Anecdotal evidence suggests finance managers have less to do with CRM projects than they did with ERP. If that’s the case, they neglect CRM at their peril. “CFOs controlled a lot of the back-office ERP rollout,” says Andrew Zoldan, vice-president of Internet applications at US-based Siebel Systems, a market leader in CRM. “By contrast, the front-office rollout is typically in the hands of the vice-president of sales or service.”
These executives are tasked with top-line growth in the company, and they haven’t had to go to the CFO for permission to spend money. This should change as CRM projects gain in profile and cost: Zoldan anticipates CRM implementations that entail investment two or three times the biggest ERP projects.

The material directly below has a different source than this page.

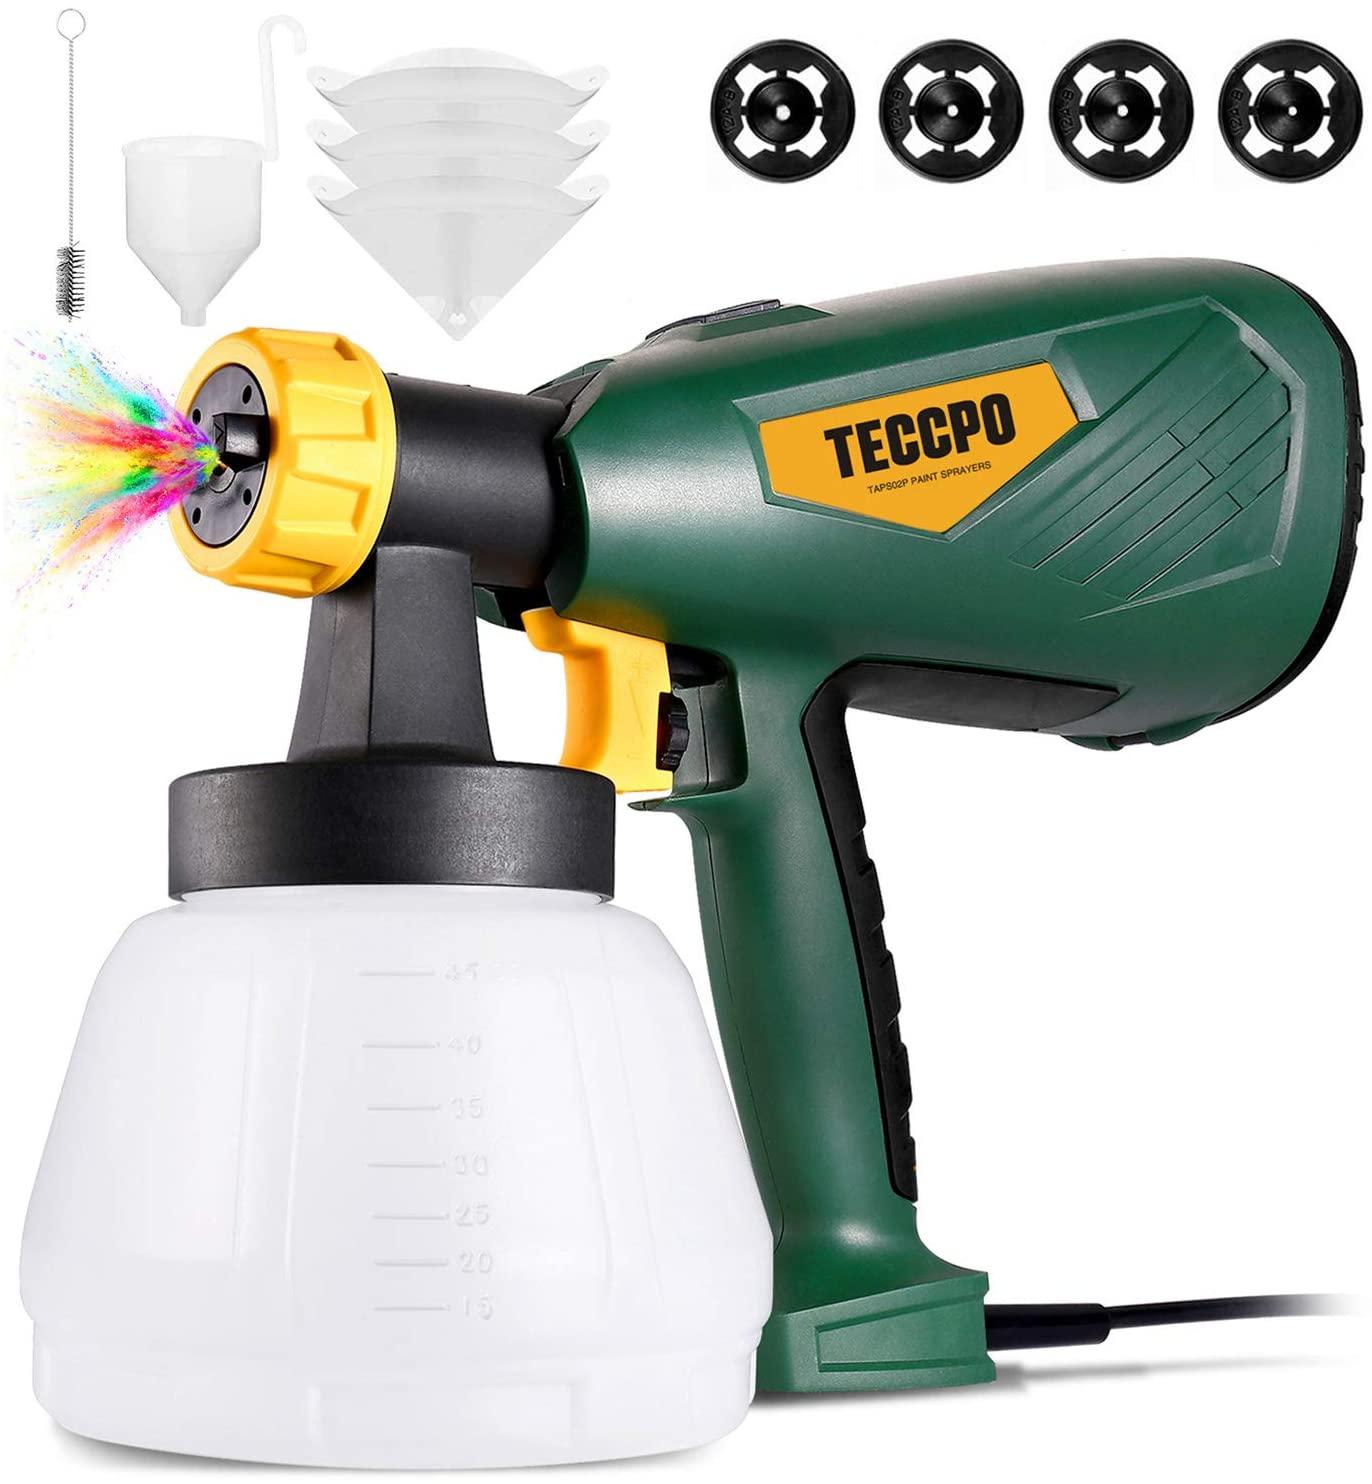 TECCPO 600 Watts Paint Sprayer, Best HVLP Electric Spray Gun

The cost breakdown is quite different, however. Murray Creighton, vice-president and general manager of Siebel in Asia Pacific, says the software license-to-consulting cost ratio is about two or three to one for a CRM project. “With ERP that figure is six, eight, ten to one,” he observes. Creighton contends that the average revenue growth achieved by a Siebel customer is 15 percent, with a typical installation period of 90 days per module and a payback period of ten months. Customer satisfaction reportedly improves by 20 percent. “That’s pretty compelling,” he says. Even objective observer International Data Corp., a US-based research organization, says companies that implement CRM systems can reasonably expect revenue growth to nudge 10 percent.

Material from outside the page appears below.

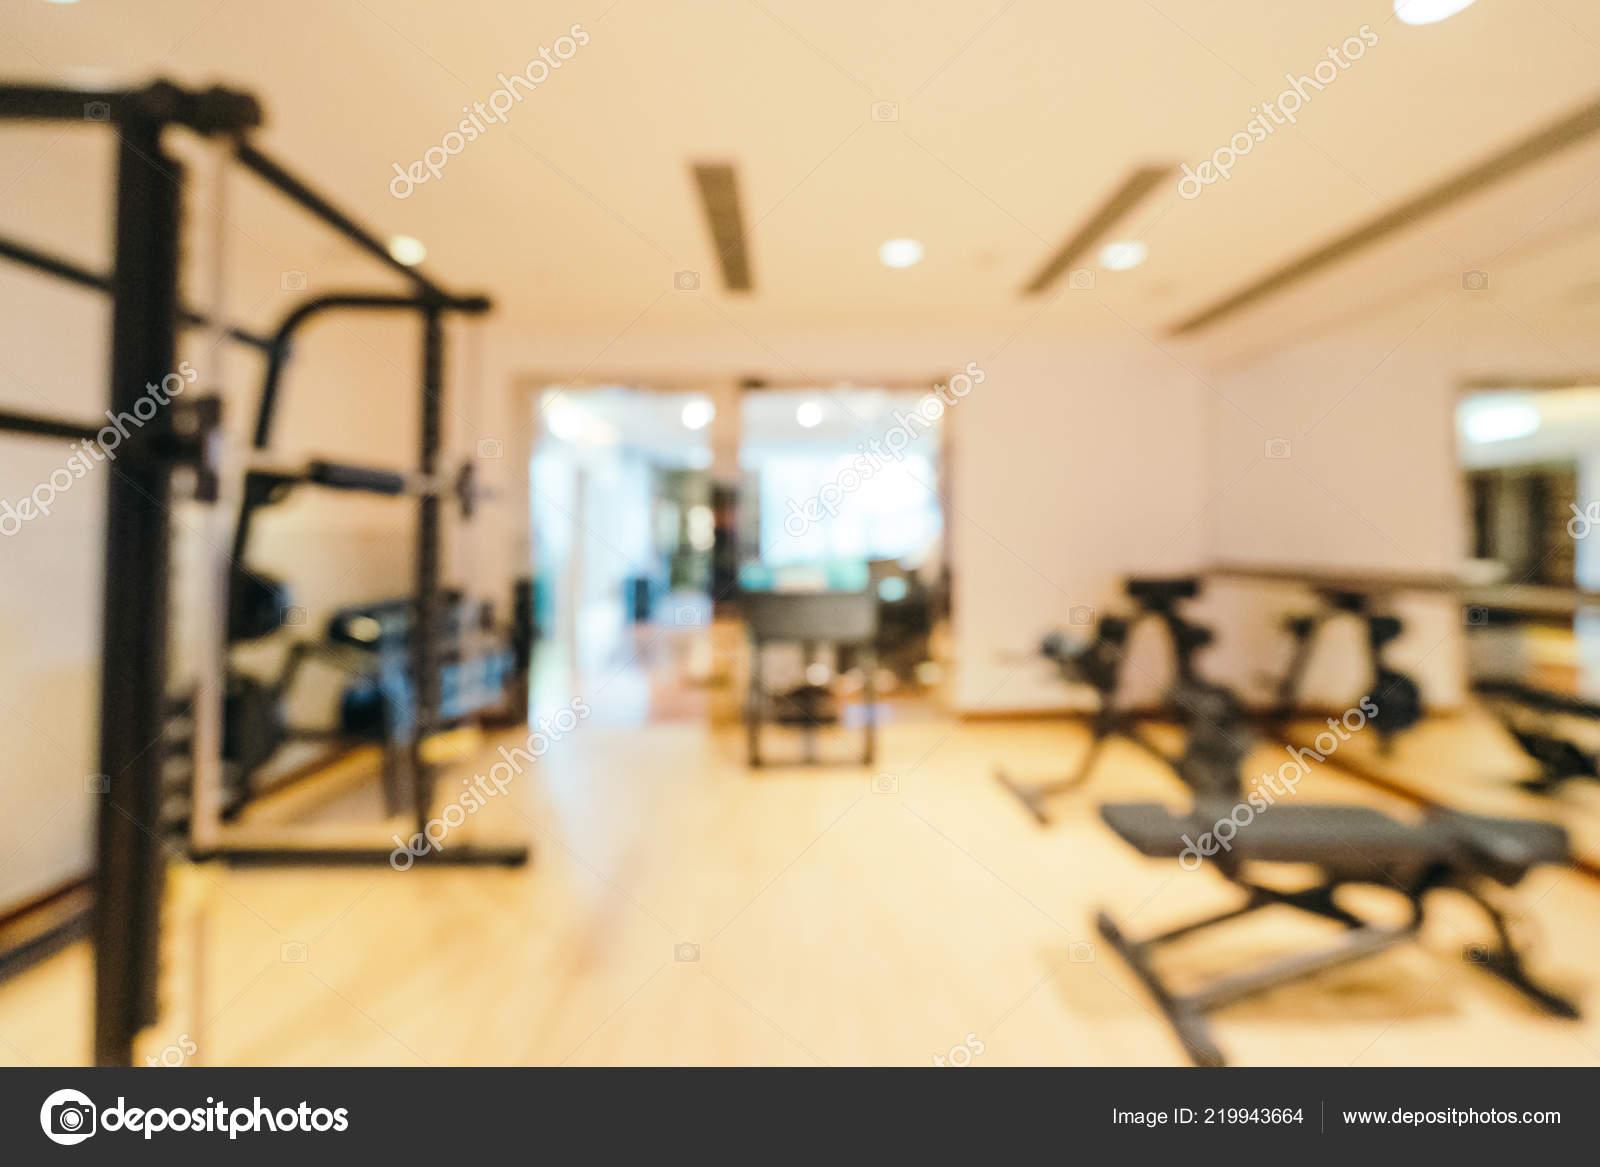 Abstract blur defocused fitness equipment gym room interior

That said, there is a school of thought that says CRM is more about effectiveness than efficiency, so it shouldn’t be subjected to the same metrics as other applications. IBM’s Romeo says his emotions are mixed. “On the one hand, the reality is that the way companies invest in IT today is very much tied to ROI. The CFO can help focus the company on where the real value lies,” he says. “But it shouldn’t be transferred into a cost containment issue, because strategies that say, ‘We’re going to develop the Internet because it’s a cheaper channel,’ can have a serious impact on brand.”

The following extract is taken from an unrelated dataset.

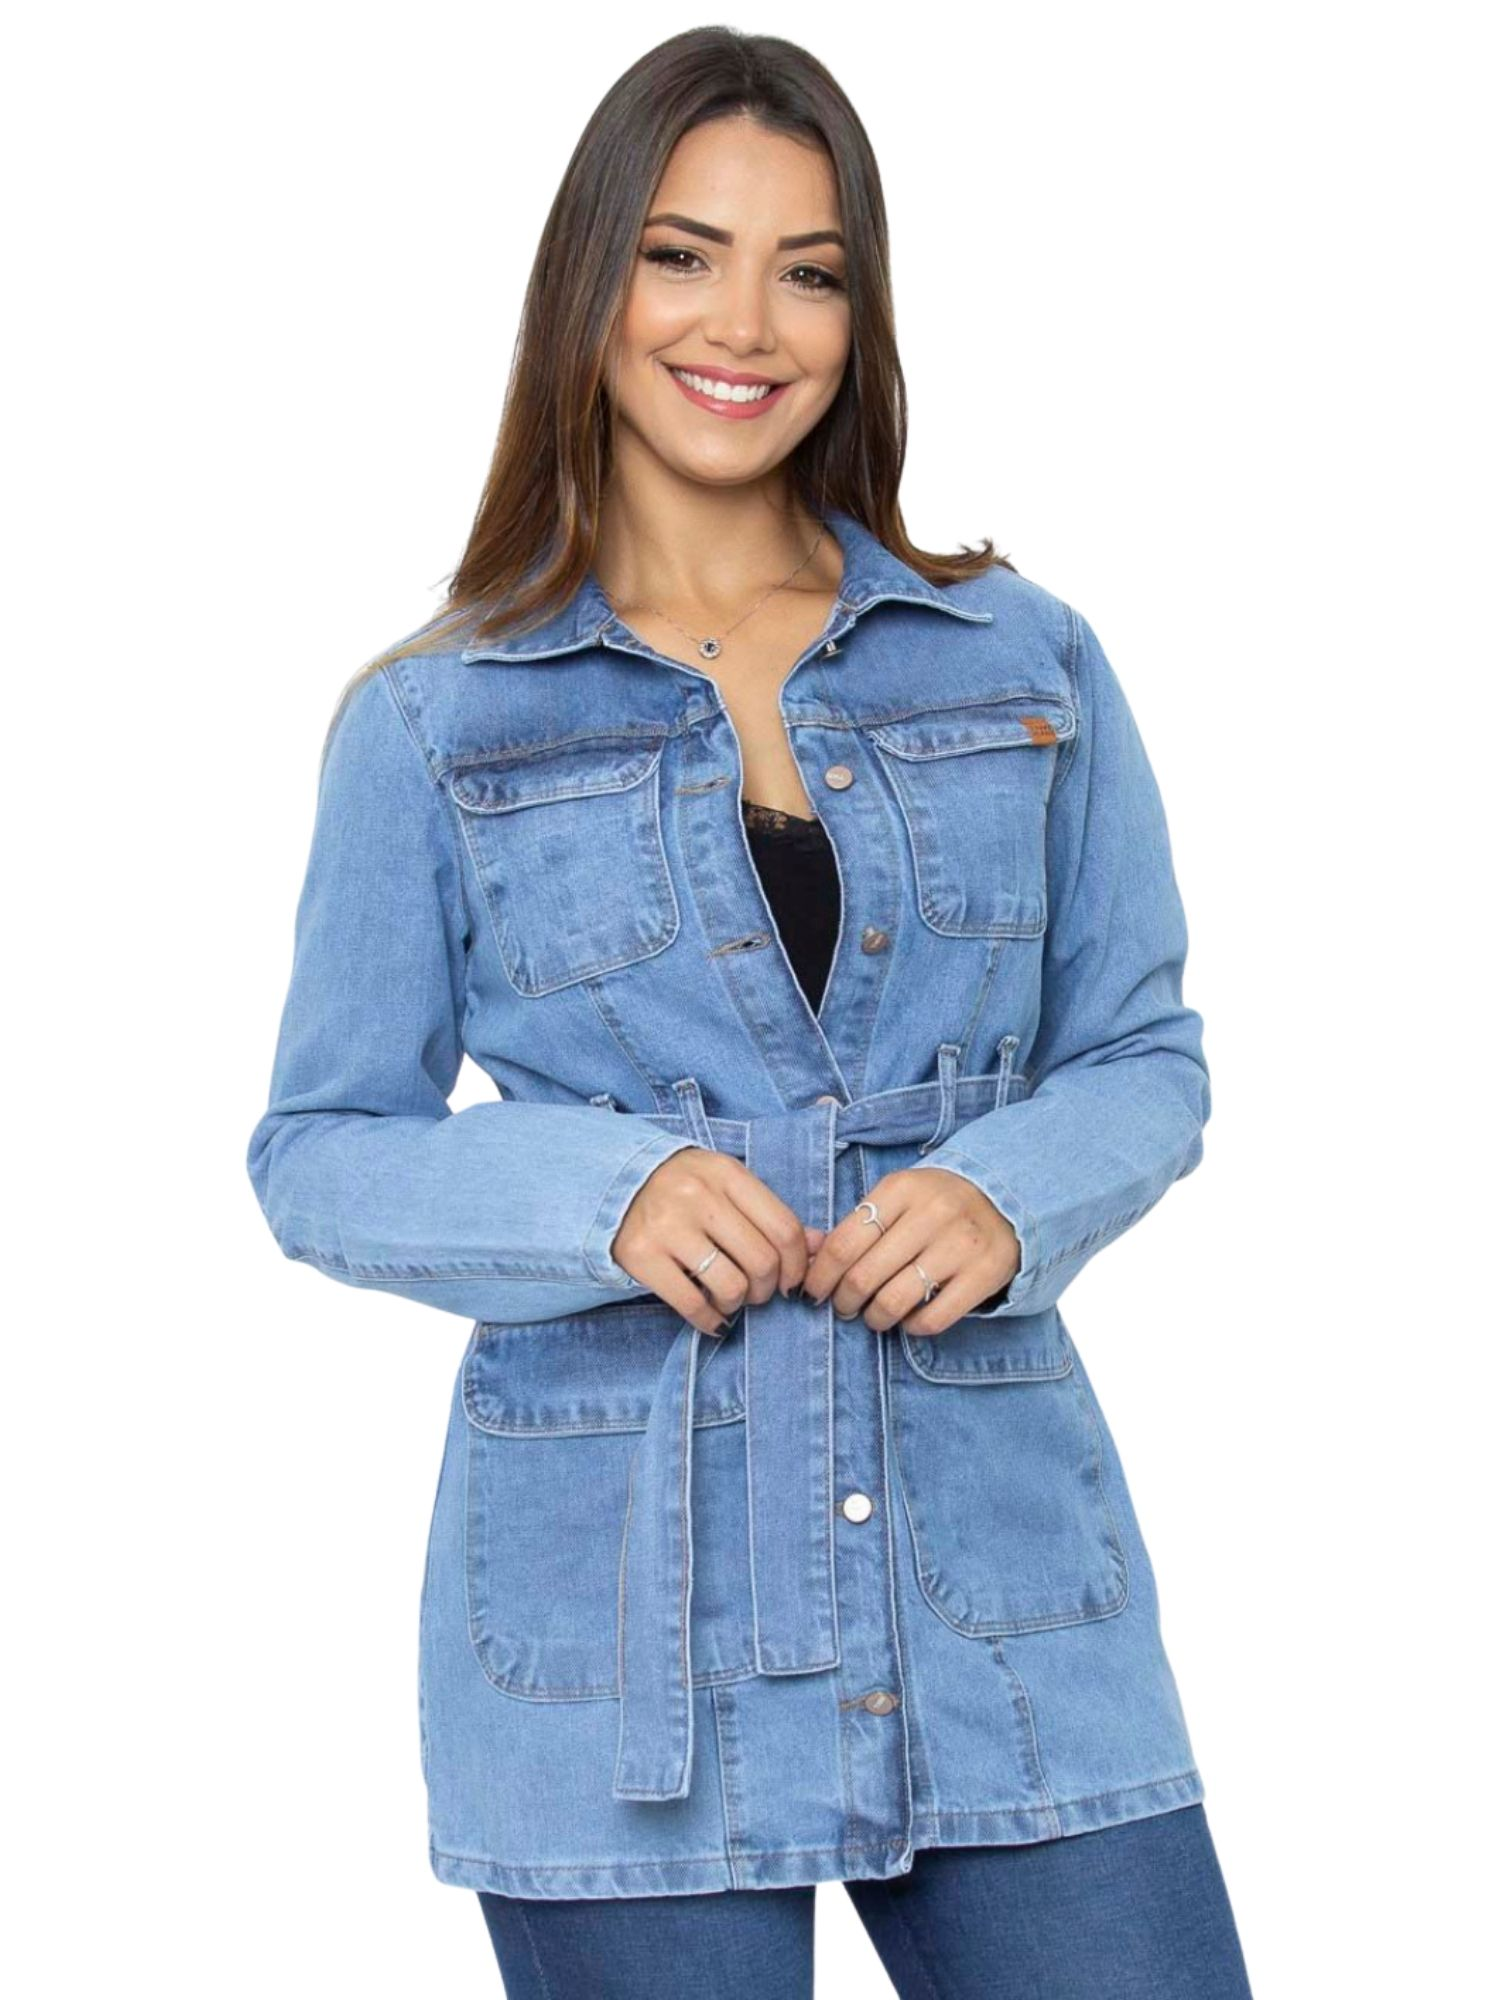 Jaqueta Feminina Jeans Tnw Jeans 51636

In any case, the breadth of product functionality means there is no single formula for justifying investment in CRM. On the one hand, E-mail engines can yield productivity savings if the subject matter is reasonably structured, and if there is a critical mass of queries on known topics with definite answers. On the other, call-center support technologies weren’t necessarily intended as productivity tools but as knowledge enhancers. It’s hard to put figures on that.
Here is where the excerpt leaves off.